Gamble, the union’s first Black president, said when he was appointed that he wanted to turn over a clean union that was on solid footing by the time he leaves. He largely did that, Dziczek said, especially because he was able to avoid a threatened federal takeover due to the scandal.

Eleven union officials and a late official’s spouse have pleaded guilty in the corruption probe since 2017, including the two presidents who served before Gamble, Gary Jones and Dennis Williams. Both were sentenced to prison.

Not all of the convictions were linked. The first wave, which included some Fiat Chrysler employees, involved money paid as bribes from a Fiat Chrysler-UAW training center in Detroit. Jones and Williams were caught in an embezzlement scheme with the leaders taking thousands of dollars of union money to buy golf clubs, booze, lavish meals and to rent expensive villas in Palm Springs, California.

During the probe, Matthew Schneider, the former U.S. Attorney in Detroit who led the investigation, said the corruption was so deep that the federal government may take over the union.

But Gamble agreed to financial safeguards and a court-appointed monitor to oversee operations for six years, as well as an election for members to decide if they want to vote directly for union leaders rather than choosing delegates to a convention who would then pick the leadership. Normally the convention delegates voted for a new president chosen by the outgoing one.

That election must take place by Nov. 12 under a court agreement. If members approve direct voting, the election would have to happen by June of next year.

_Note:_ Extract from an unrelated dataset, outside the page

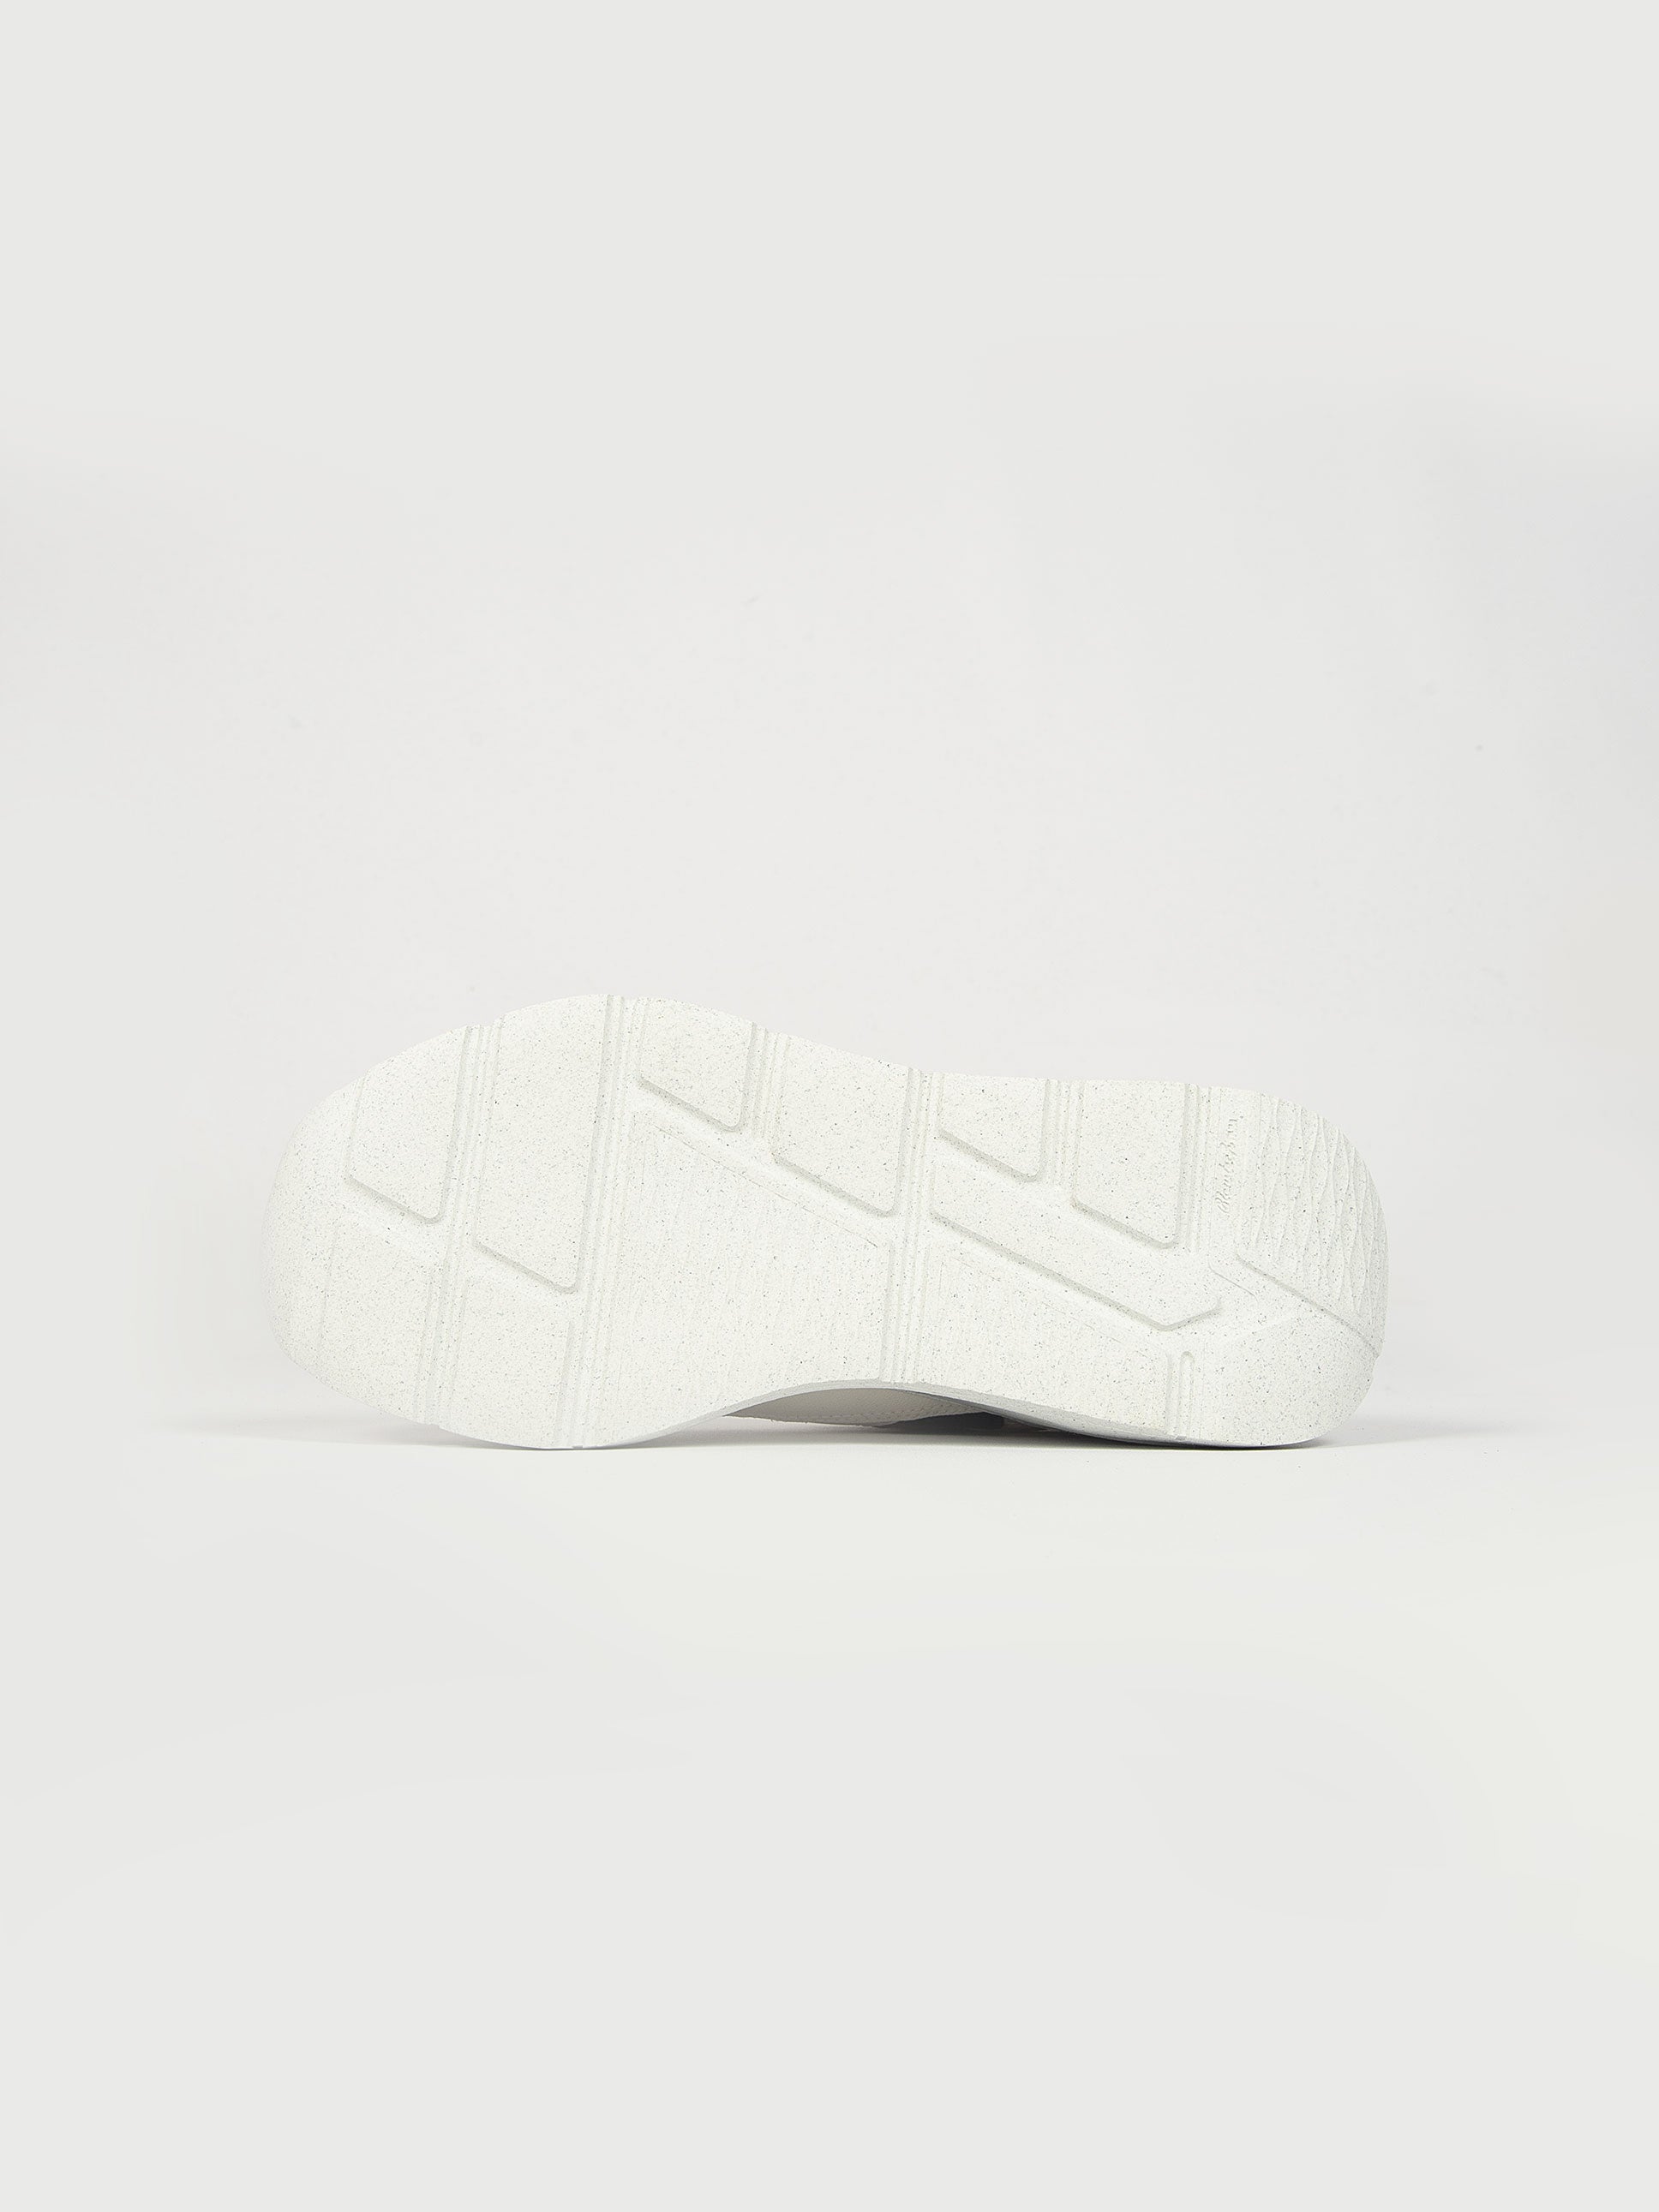 Sneakers Fuga Eco-Vegan - Bianco

Although federal authorities continue to their inquiry, Schneider said in December he had no reason to investigate conduct by Gamble.

During Gamble’s tenure, the union’s finances improved after paying 49,000 workers $250 per week during the GM strike, which cost the company around $4 billion.

The union ended 2019 with $1.1 billion in assets and just over $107 million in liabilities, according to forms filed with the U.S. Labor Department. But by the end of last year, assets grew to $1.13 billion and liabilities shrank to $101 million.

But UAW membership fell 5.5% from December of 2019 to the end of 2020, to just over 397,000.

Gamble joined the union in 1974, repairing welding machines in Ford’s Dearborn, Michigan, frame plant. He became vice president of the local union office, and twice served on a national team that bargained with Ford.